The electrical industry has also made massive strides in recent years in this area thanks, in large part, to the Electrical Contractors' Association's ZAP initiative. This has seen a 32% fall in reportable accidents and 59% fall in major accidents in the five and a half years since its launch through a lot of hard work on practical advice and behavioural change.

The man behind the programme is the association's head of safety and sustainability, Paul Reeve. He told the summit that the aim was now to raise the rate of improvement to 70% by 2010.

'It is a heartening thought that there are 40 or 50 m&e workers walking around today who would have been seriously injured if we had not done this work,' he said.

'Designing out risks at the earliest stage in the project process is the best solution as it eliminates it for the lifetime of the building.
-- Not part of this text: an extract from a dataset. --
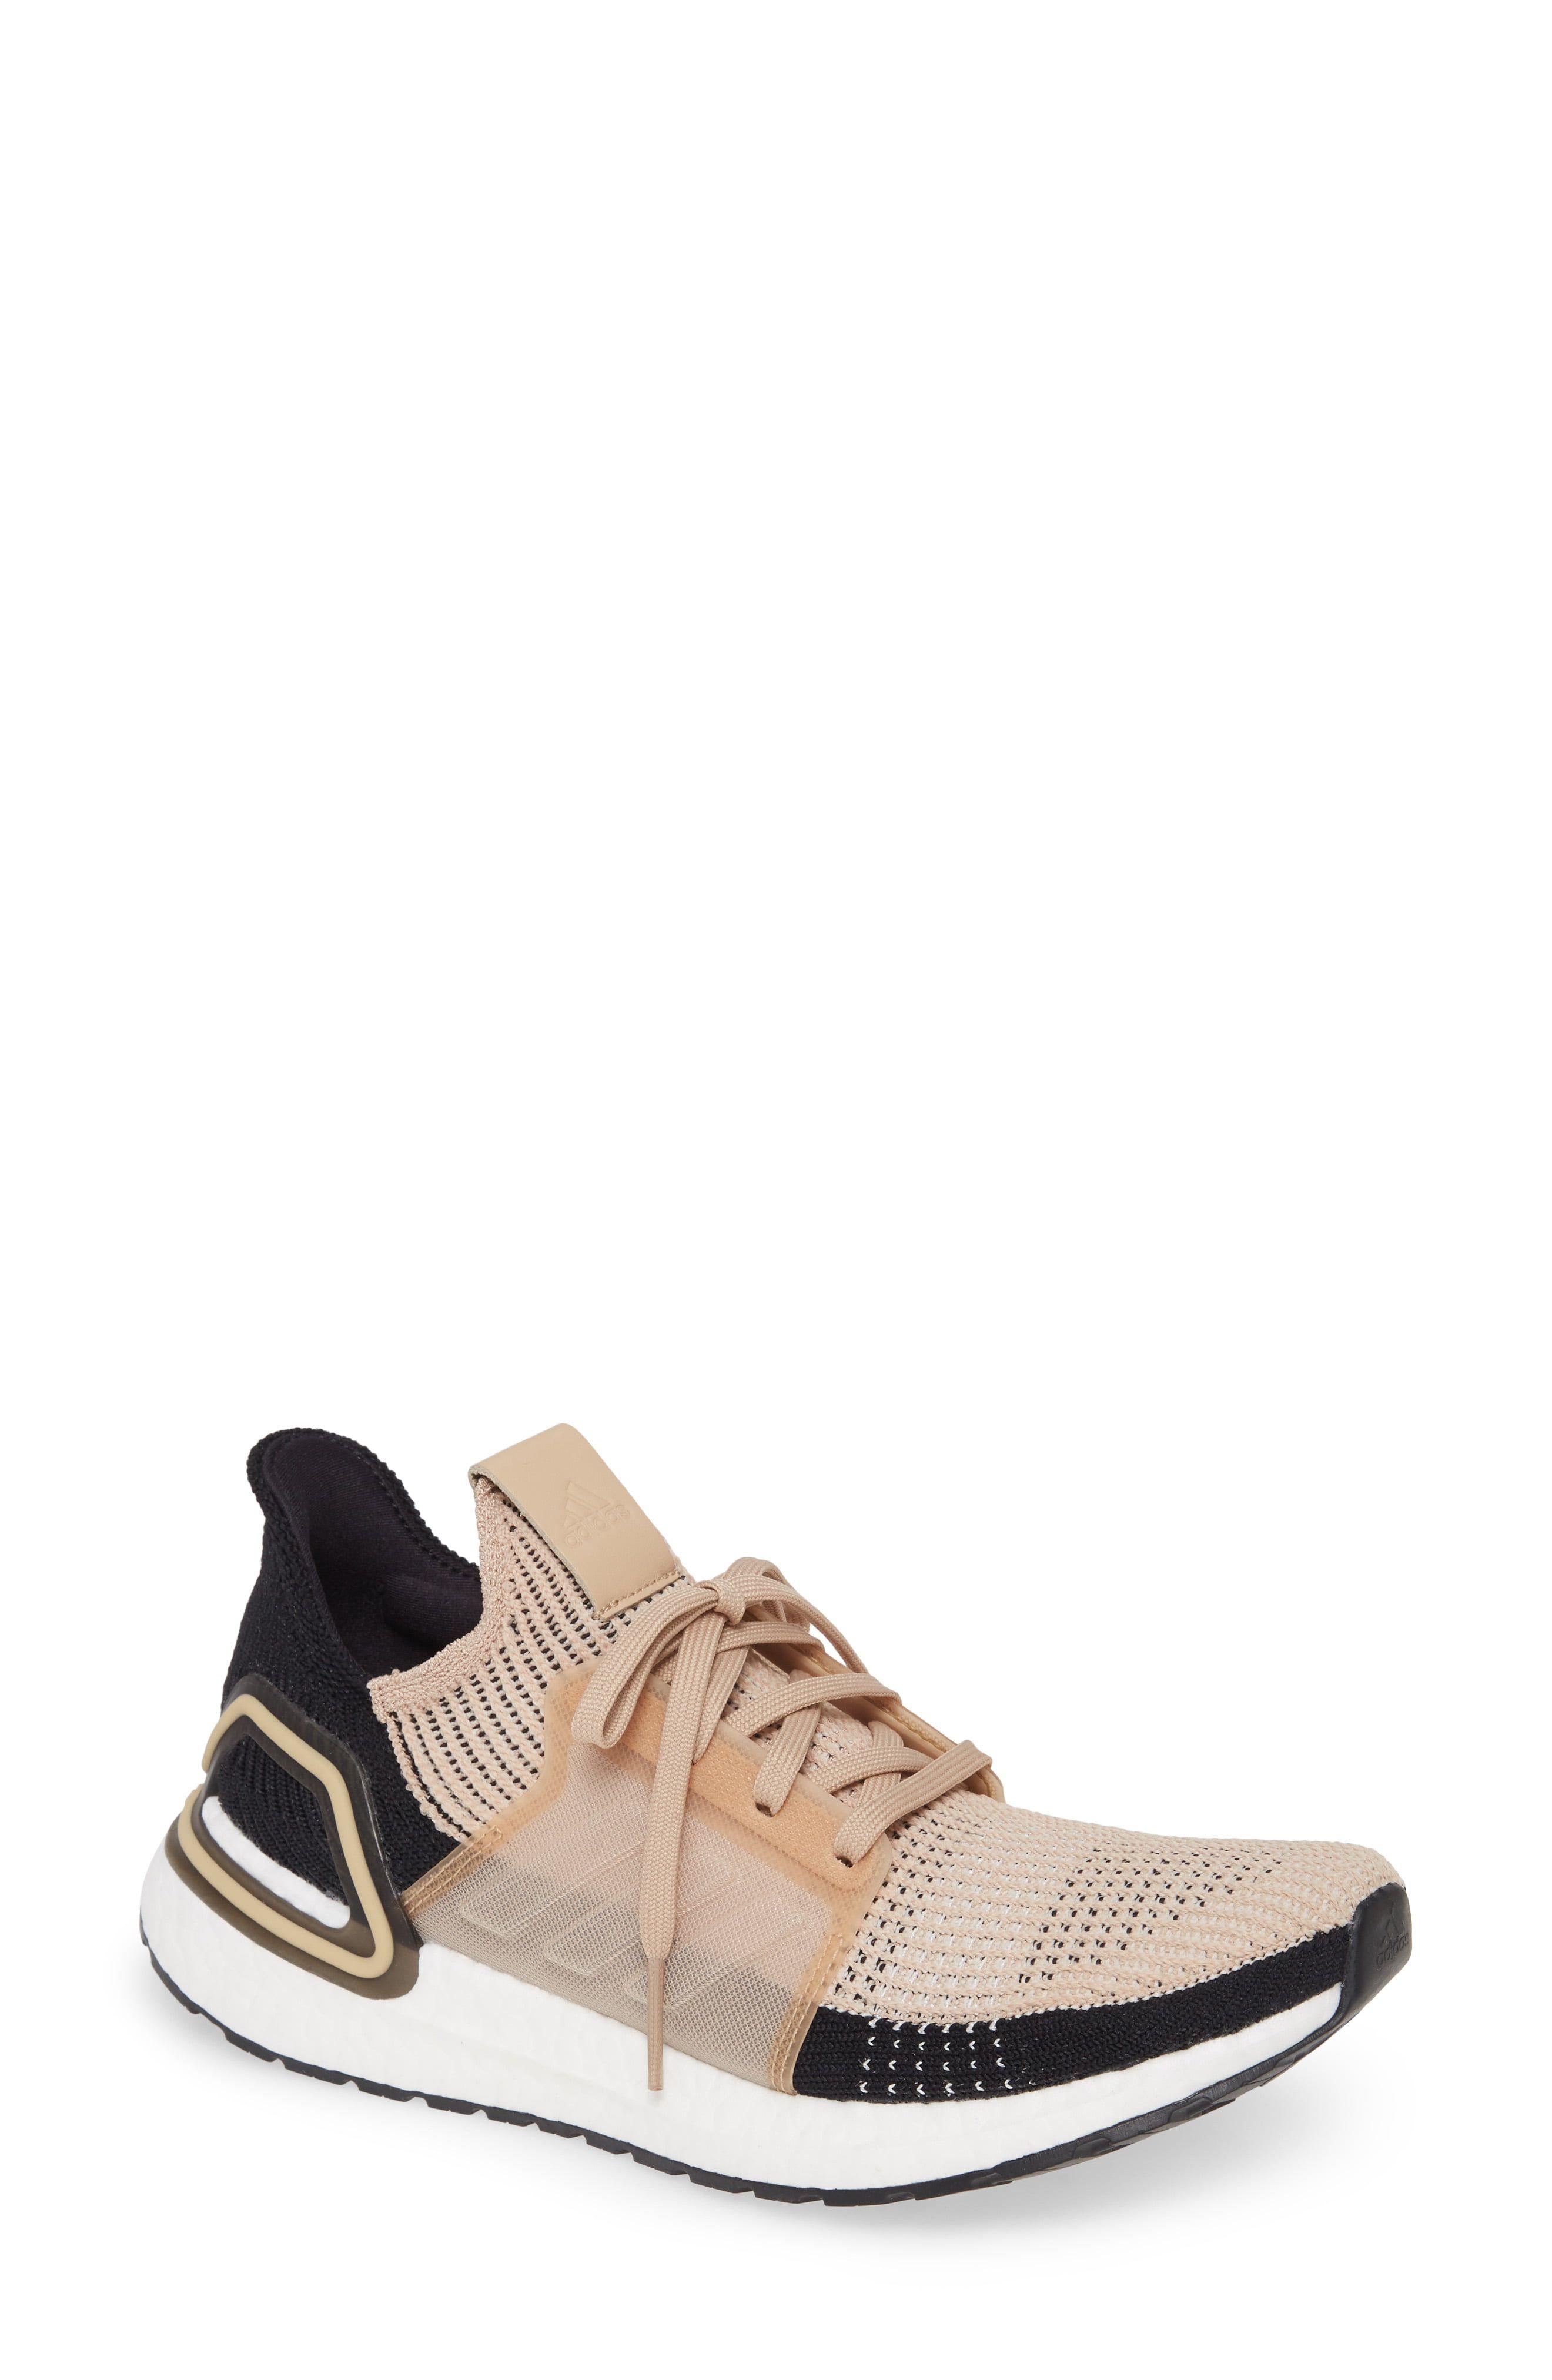 Adidas Ultraboost 19 Running Shoe, Size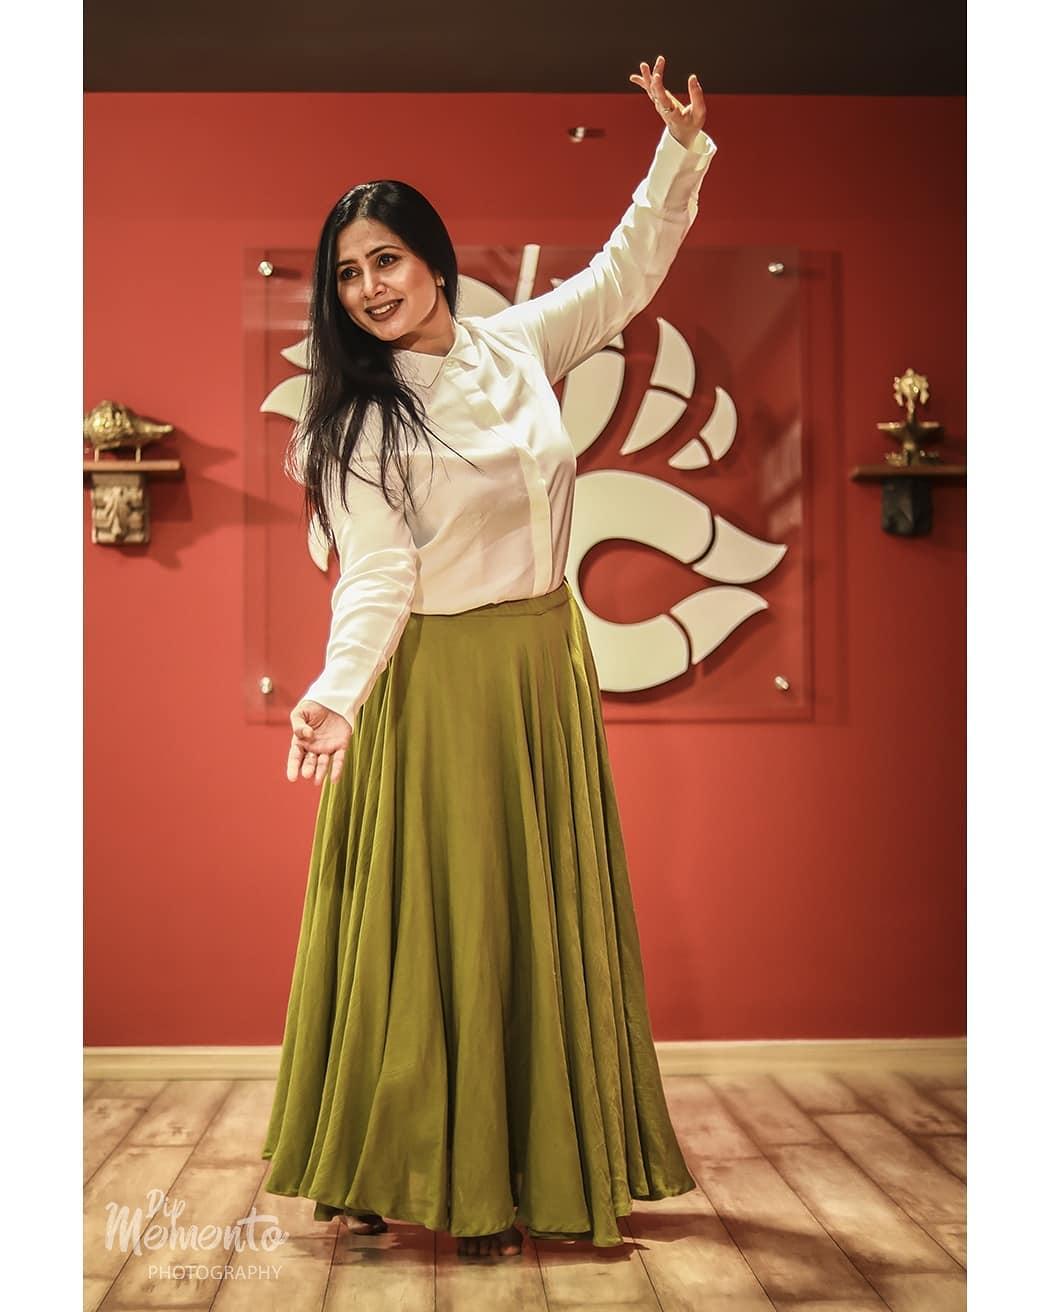 #Dance enables you to find yourself and lose yourself at the same time.... . . Dance Shoot for  @nrityalayabyjashodapatel @jashodapatel_kathak 📸@dip_memento_photography . .  #kathakdancers #indiandancecrew #bollywooddance #dancersofindia  #kathak #kathakdance #classicaldance #ahmedabad #indianclassicaldance #dancephotography #chakkars #happydancing #classicaldance #indiandancer #dancersofinstagram #indianclassicaldance  #kathakdance #kathakdancer #indianclassicaldancers #9924227745 #dipmementophotography  #worldofdance #dance #indiandanceform #loveforkathak #dancers #dancersindia #indiaportraits

This is a key aim of the new CDM Regulations, but we should, at the very least, make sure we are not designing risk in.'

The overall message of the summit was that there was a shortage of integrated team working across the supply chain. This is still a major stumbling block to the efficient delivery of safe and energy efficient buildings despite the years of publicity about the issue.

The CDM Regulations implicitly back up teamwork because they emphasise the importance of communication and working closely with all project partners to reduce risks for everyone involved. We should all be asking ourselves if we spend enough time addressing these cultural and behavioural issues because they are the building blocks of a true safety culture.